Exercise goal:
Only one span of the listing below is wanted: the lines from the one with "Orwellversushuxley.jpg" through the one with "Walt Whitman quote", reproduced exactly, both ends kept.

Data under study:
▬▬▬

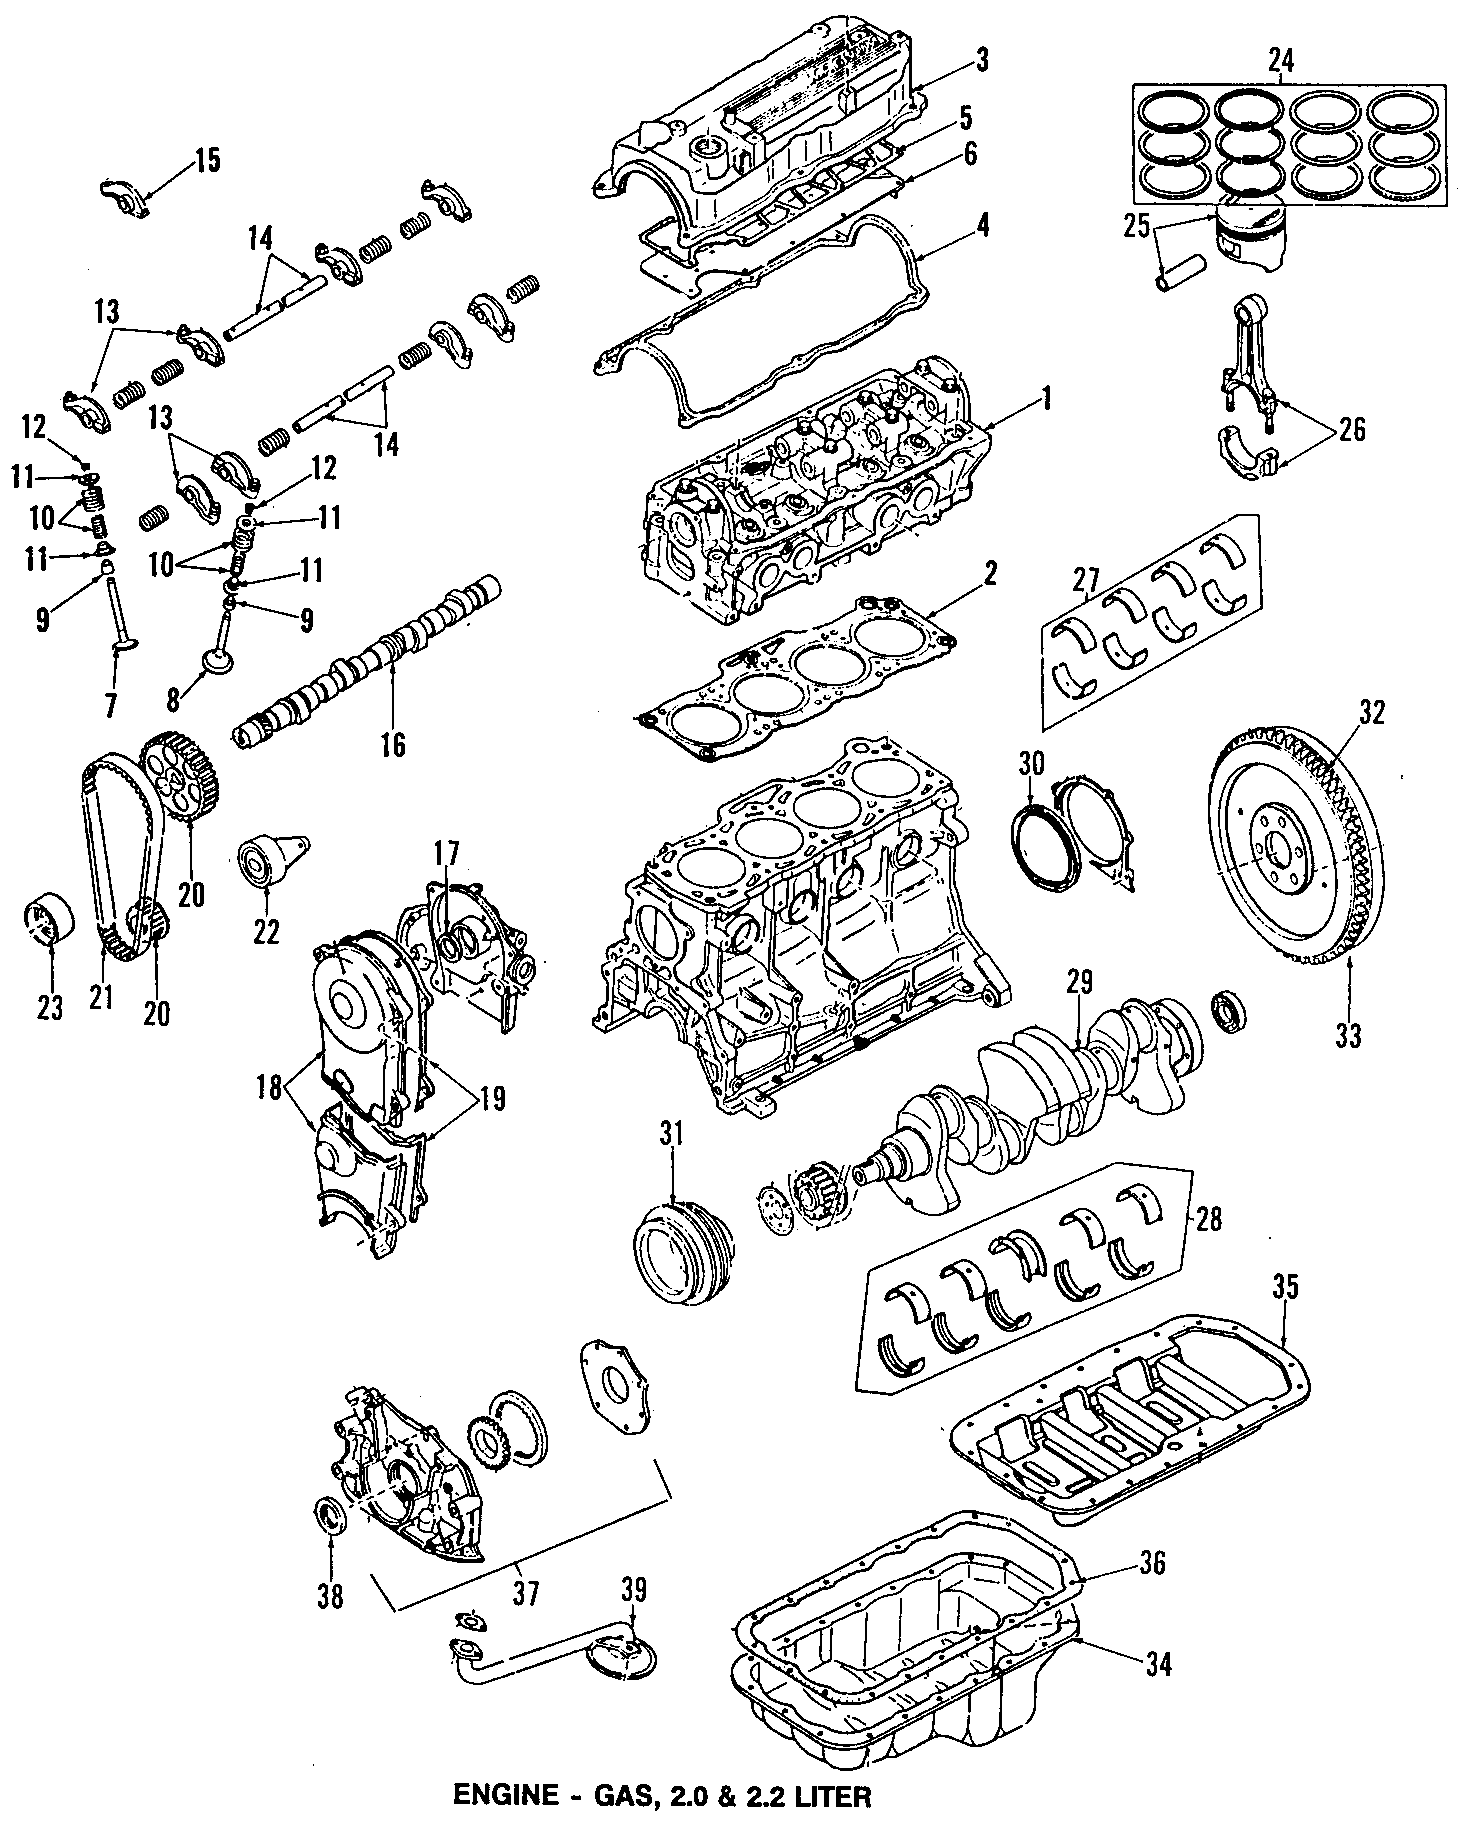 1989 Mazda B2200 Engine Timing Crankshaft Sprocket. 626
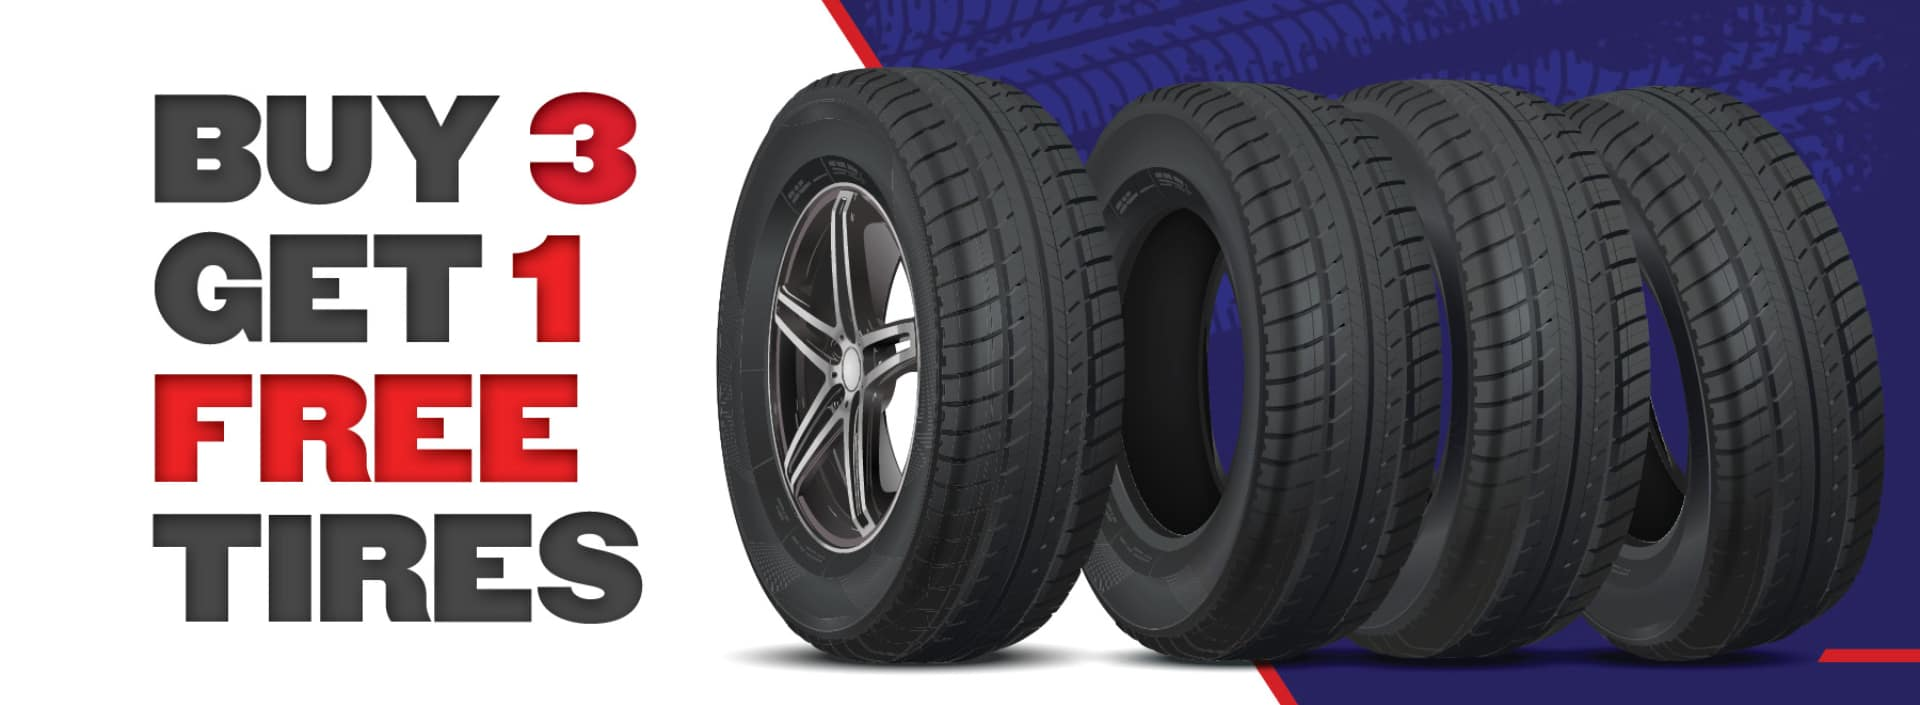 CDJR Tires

▬▬▬

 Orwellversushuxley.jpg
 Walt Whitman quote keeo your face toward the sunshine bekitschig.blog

▬▬▬

Your response:
 Orwellversushuxley.jpg
 Walt Whitman quote keeo your face toward the sunshine bekitschig.blog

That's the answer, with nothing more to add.